Fantastic Four (12A.)
Directed by Josh Trank.
Starring Miles Teller, Kate Mara, Michael B. Jordan, Jamie Bell, Toby Kebbell and Tim Nelson Blake. 100 mins.
For most Hollywood film studios the immediate future is likely to be a giant Mickey Mouse foot stamping down on their windpipe, trying to choke the life out of them. With the acquisition of an annual supply of Star Wars movie to join Pixar and their own animations, and all the Marvel Cinematic Universe pictures, Disney is like a giant amorphous mass that is consuming everything in its path and is threatening to consume the whole movie making universe. Comic books, and comic book movies, have always taught us that such a giant force can only be stopped by a team of superheroes.
So Fox have unleashed one of the Marvel properties that they own to try and thwart Disney's relentless march. They've come up with a fresh and innovative new take on the classic superhero ensemble, The Fantastic Four. But they have neglected to make a movie to accompany the new concept. If Fantastic Four is a shipwreck of a movie, then it is the wreck of ghost ship because when you sift through the debris afterwards there is no sign of any crew or cargo. For the most part there is just an empty space where a film should be.
Two words that now strike fear into the blockbuster movie audience is Origins Tale. How people get their superpowers is rarely the strongest part of the narrative, and your heart sinks when you see Peter Parker getting bitten by a radioactive spider again or Krypton exploding. (Part of the reason the X-Men series is so popular is that they are all born that way.) Fantastic Four is all origins – it's like sitting through six hours of build up to the Cup Final and turning the telly off just as they’ve kicked off.

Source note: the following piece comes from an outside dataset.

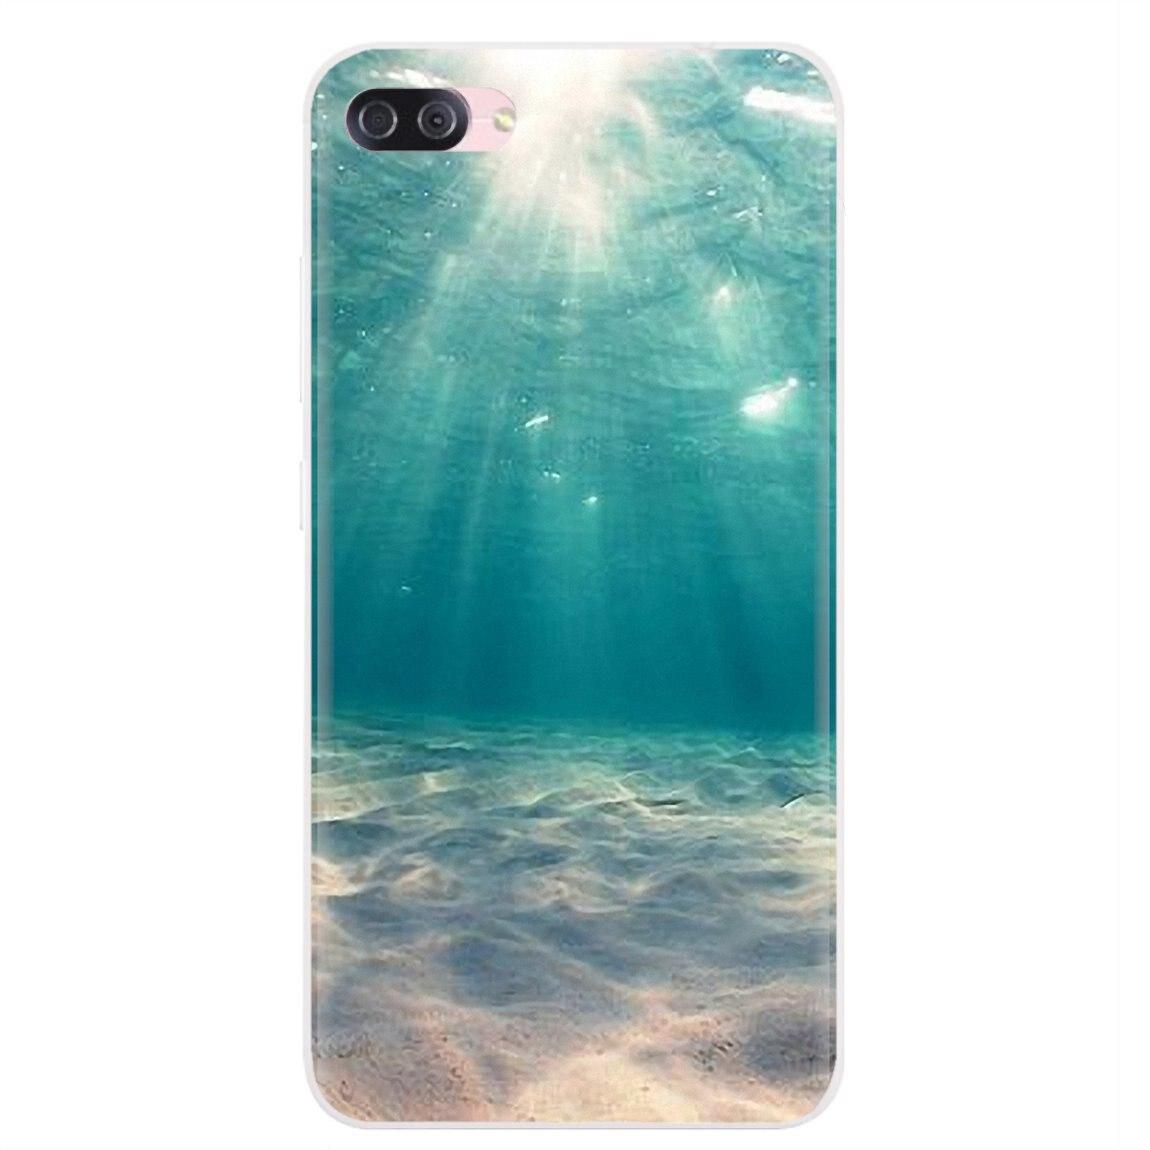 Capa de silicone para iphone 11 pro 4 4S 5 5S se 5c 6s 7 8 x xr xs plus max para ipod touch verão praia sol estrela do mar surf meninas

To be fair for half an hour or so, the film is intriguing. When Josh Trank was hired on the strength of his Blair Witch superhero film Chronicle* his ideas to give the team a completely new dark and realistic reinvention, and make them much younger, were greeted with absolute dismay and hatred by fans. But initially it is quite fun to see these established figures turned into kids and placed into a new environment; for a while there are definitely hopes that maybe this will ascend to the level of interesting misfire. But this pleasure only exists as long as there is an expectation that something is going to happen. By the time you are halfway into the film's brief running time and Absolutely Nothing has happened then your feelings begin to turn.

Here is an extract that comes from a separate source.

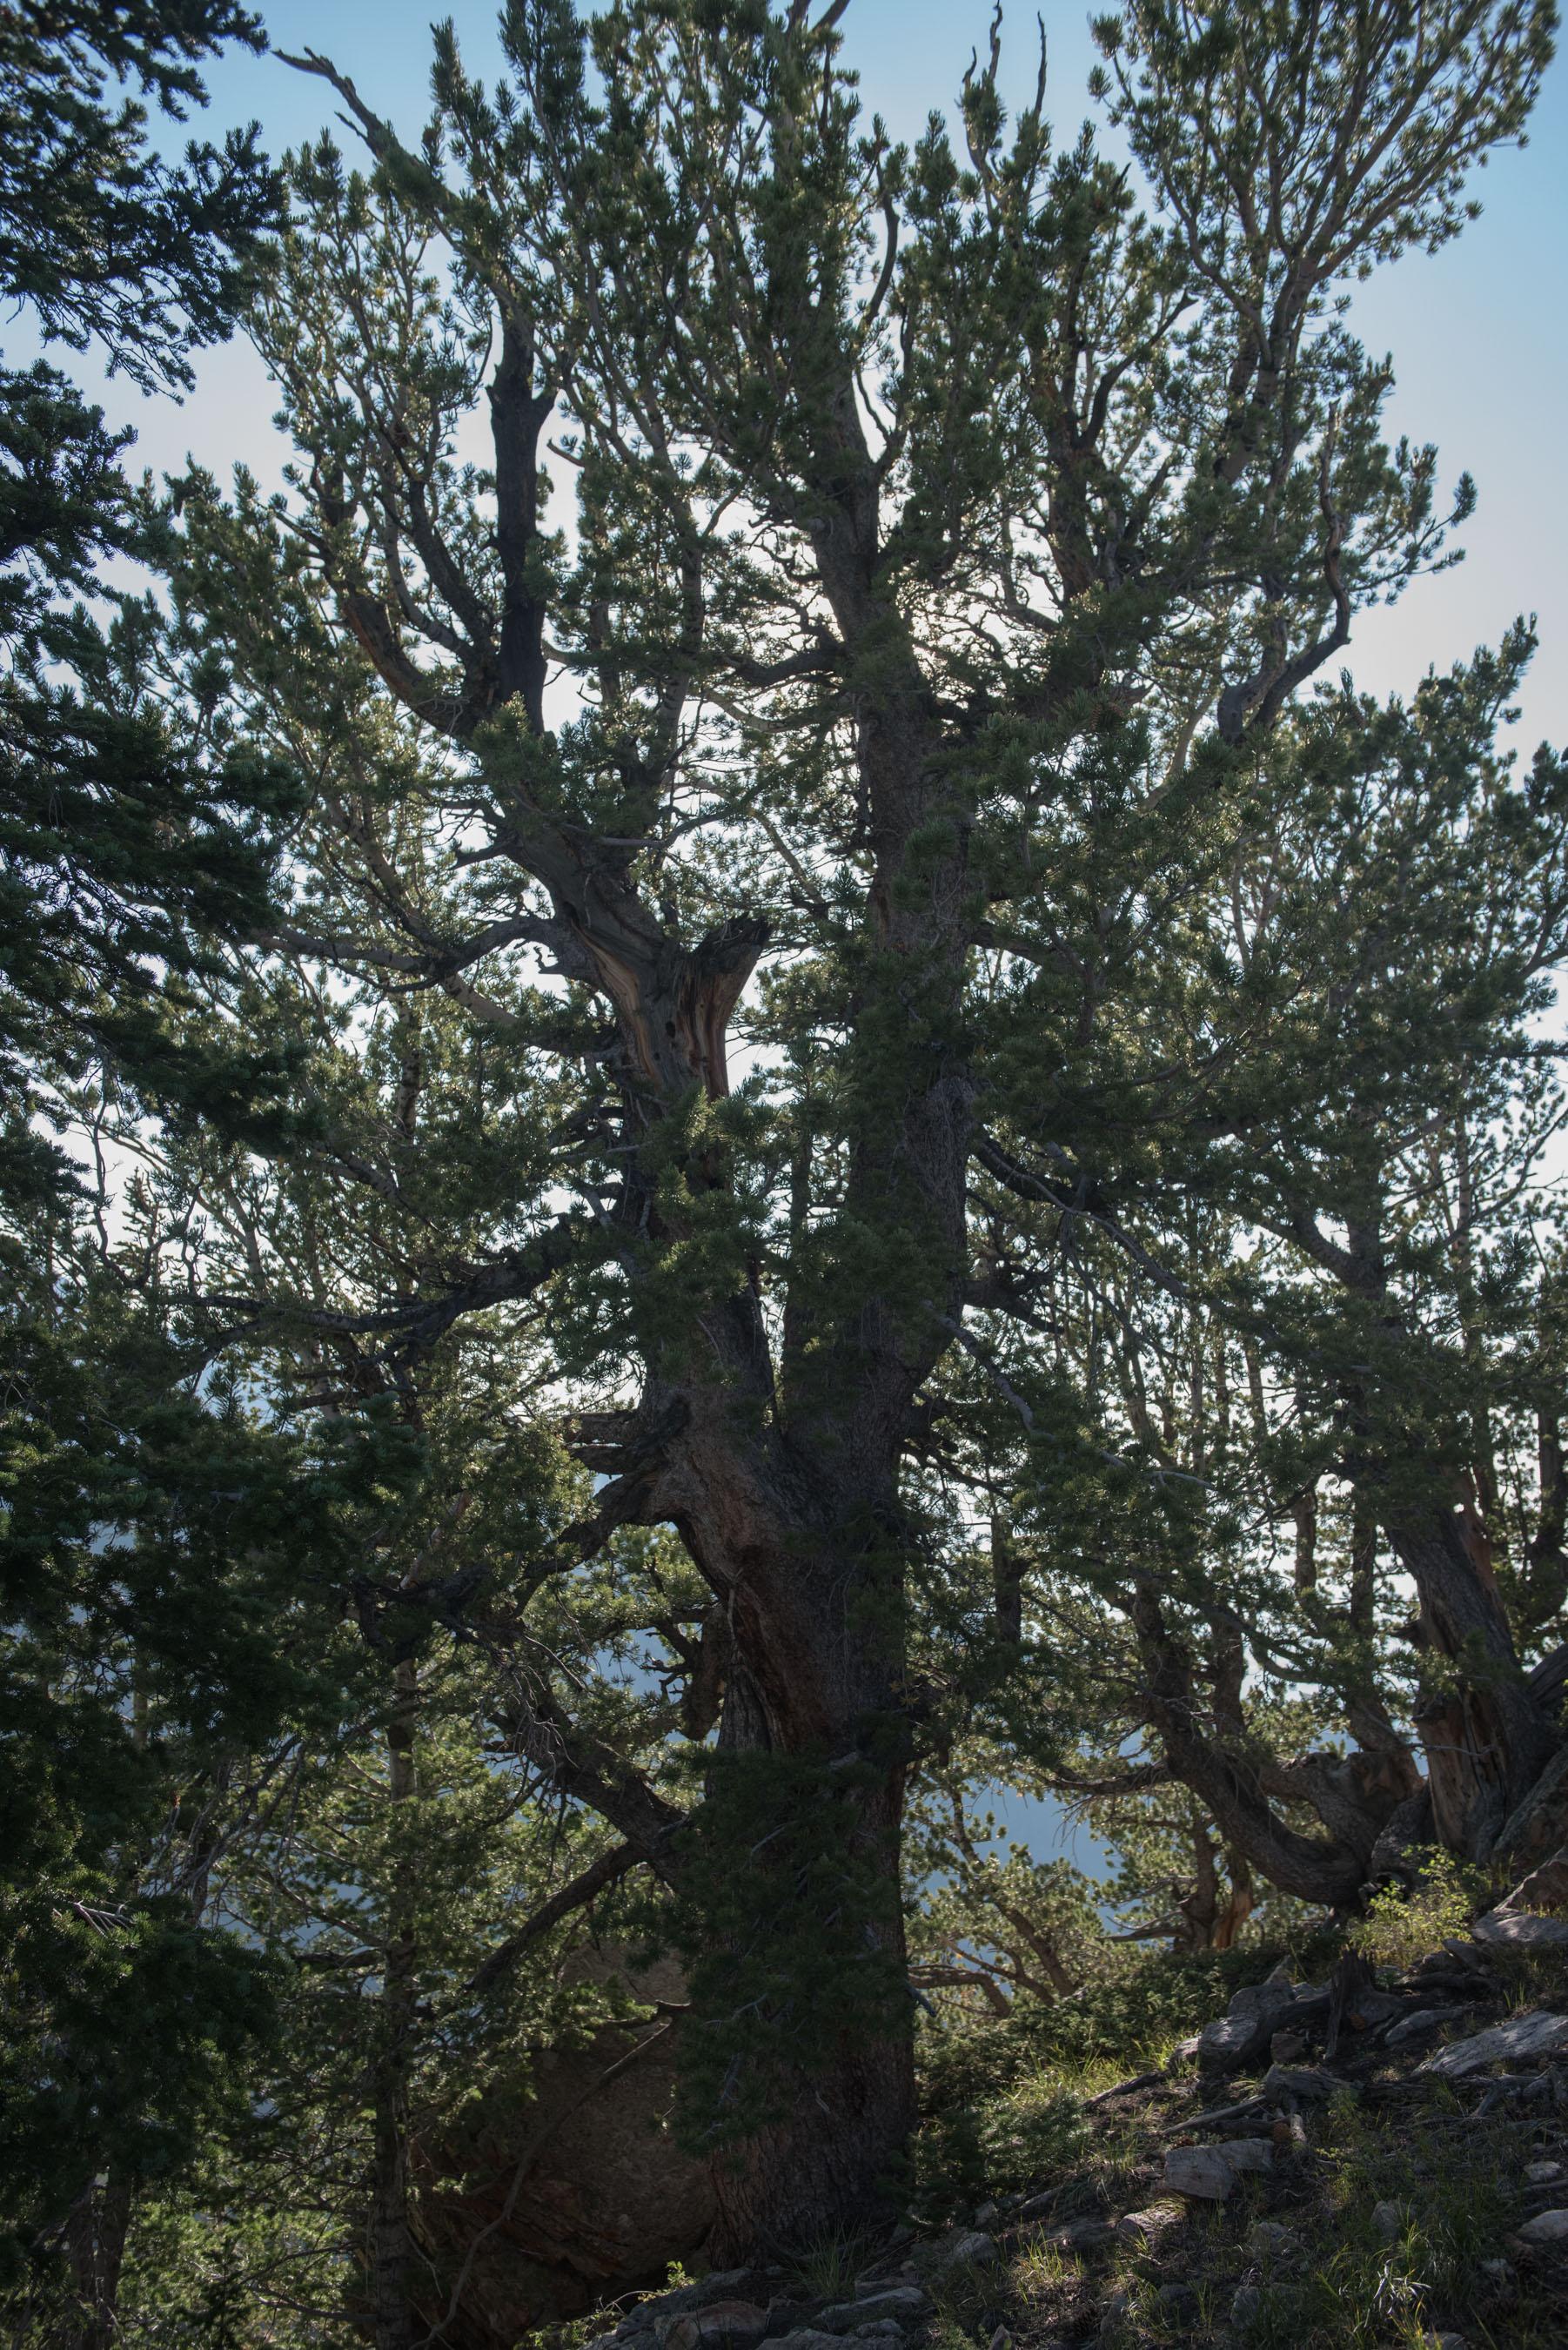 Bristlecone pine tree in the Wasatch Range. Utah.

Instead of going up in a rocket and being mutated by cosmic rays, the team invent a dimensional portal and are mutated by their journey through to another dimension; a strange and terrible world where CGIs are at least 20 years behind this dimension and everything looks like an early Star Trek movie. They come back horribly mutated, apart from bad seed Victor Von Doom (Kebbell) who is left behind. When he does eventually reappear as Doctor Doom he looks like Damien Hirst has made one of his diamond encrusted skulls in the likeness of Vladimir Putin. The wretchedness of the special effects is a constant throughout the film – at times the cast look like they are acting in front of big paintings of an alien planet. Fox tend not to use the 20th Century part of their name, but that's when most of the effects seem to date from.
Towards the end the film seems to turn in on itself with masochistic glee. The actors are given evermore awful lines of dialogue to speak. The casting of a black actor (Jordan) in a white role isn't a problem but having him say, “Now that's what I'm talking about,” which is a top three idiot cliché lines given to Token Black Actor in Hollywood films, most definitely is.
So there you have it, a fun, big budget, superhero blockbuster that is downbeat, cheap looking and doesn't have any superheroes in it.
*By a strange irony another film Fox had no faith in. Just like FF, in the UK it got a single press screening a day or two before it was released and for weeks after I was overhearing other reviewers talking about how surprisingly good it was.
Fantastic Four (12A.)
Directed by Josh Trank.
Starring Miles Teller, Kate Mara, Michael B. Jordan, Jamie Bell, Toby Kebbell and Tim Nelson Blake. 100 mins.
For most Hollywood film studios the immediate future is likely to be a giant Mickey Mouse foot stamping down on their windpipe, trying to choke the life out of them. With the acquisition of an annual supply of Star Wars movie to join Pixar and their own animations, and all the Marvel Cinematic Universe pictures, Disney is like a giant amorphous mass that is consuming everything in its path and is threatening to consume the whole movie making universe. Comic books, and comic book movies, have always taught us that such a giant force can only be stopped by a team of superheroes.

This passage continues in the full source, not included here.